Is it fair to be in a relationship when you aren't?
Have you ever started a relationship before you were?
Yes, I'm completely over my ex! Not only that but I don't know why I married him! I don't feel any emotion when I see him.. weird, right? So, my heart is open and really free and clear and ready to love another man. The problem is that I don't have anyone on sight:( LOL
Well now. Can you be comepletely over someone? I would think if the relationship had it's good moments, those would always stay with you. That relationship and being with that person has had an influence on you, your behavior and outlook on life. But if you mean are you still pining for something that you'll never have again, no. I'm not. Forward march. To answer the question in your first reply, no, it's not fair to yourself or the new person because you can't give that relationship all your attention.

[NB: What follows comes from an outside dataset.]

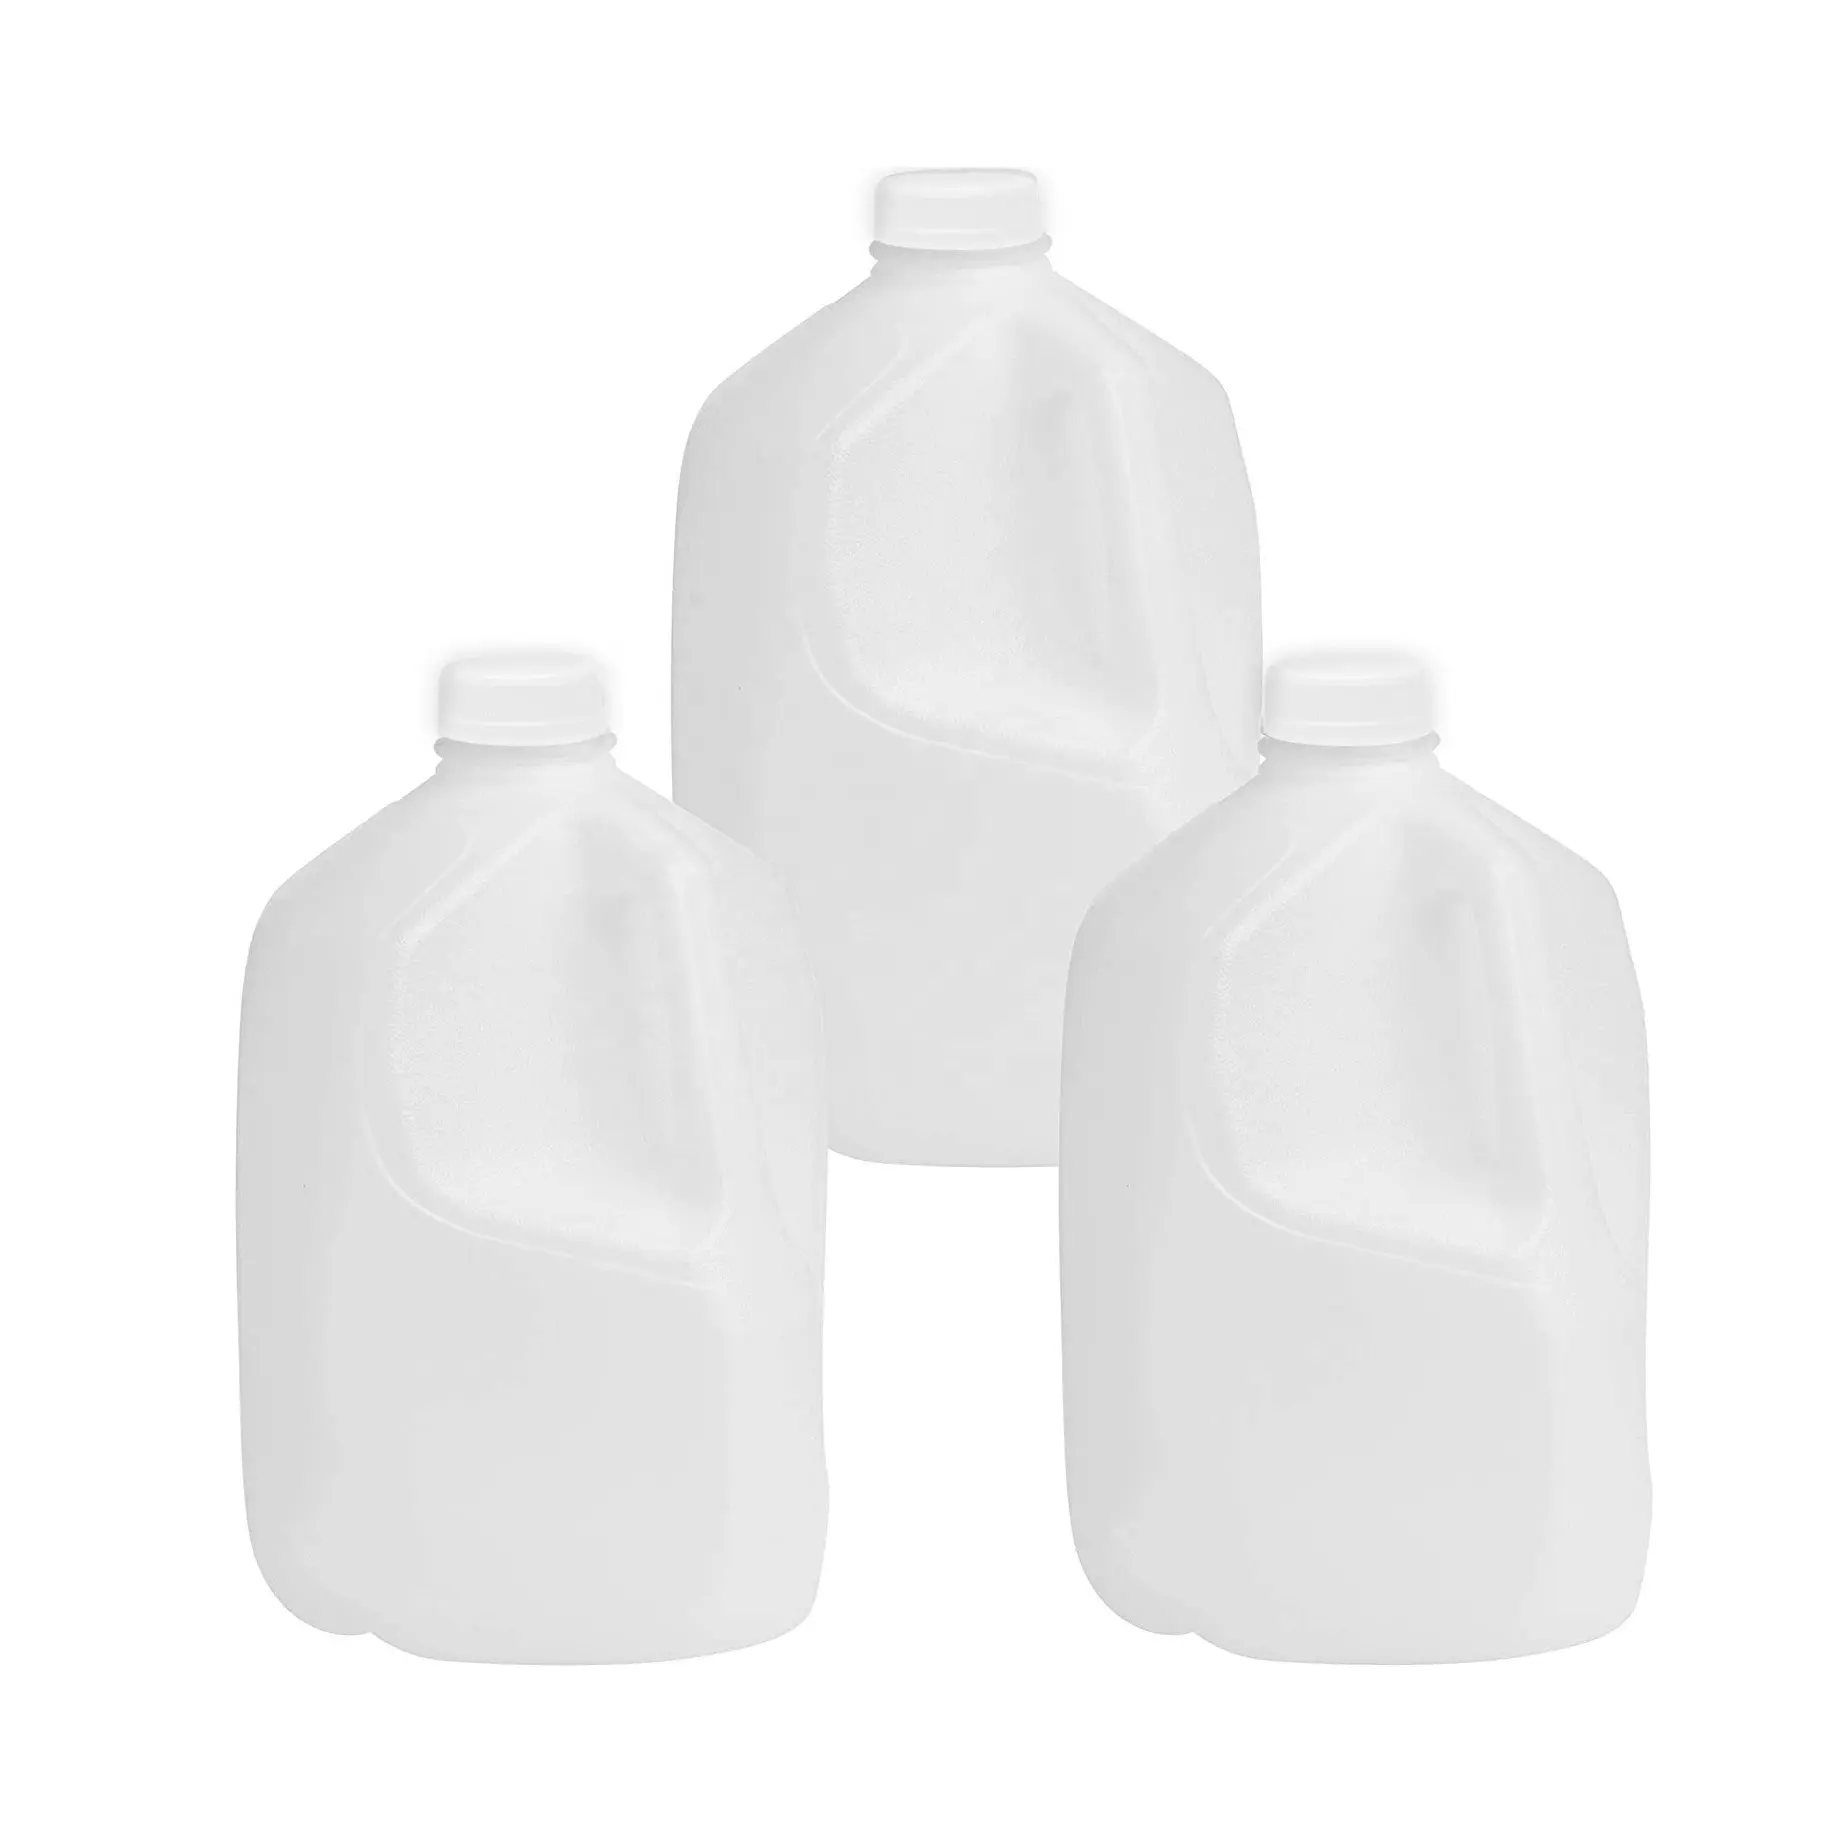 Bình Xăng Rỗng Chắc Chắn Bình Nhựa Đựng Nước Sữa Dầu Ăn Hình Vuông Bình Đựng Sữa 1 Gallon Bình Nhựa Có Tay Cầm

Have I ever started a relationship before I was? Yes, in college. Ended up marrying him. Didn't last cause it really was a rebound thing...actually, for him too as he had just broken up with a g/f who had meant a lot to him.
I'm still madly in love with my late husband...
But, I am so ready for a new man.
Yup, ready for a new man. Hey, new men! Here we are! (waving)
Or at my age maybe I'm waiting for an old man!
Waving....whistling ....tapping fingers in table....tapping foot on floor....
Mostly over him...still little twinges of hurt here and there....and once in a while I well up over the loss....but definitely moving forward and ready for someone new...if only....
Dodger...where are you? lmao
I am as over him as I can be. I think that a part of my heart will always belong to him, I loved him too long, too much to completely be 100% over him. But I am 98% over him. I don't want him back, wouldn't let him come back if he begged me to. I sometimes wonder why I married him, why I even loved him. But the good memories, and there are a lot of good memories, they out weigh the bad memories. But I know I am over him and ready for a new love,
Now, I will join the group waiting for the new man. Peeping out the window... standing in the door.....waving....here we are. Come on over.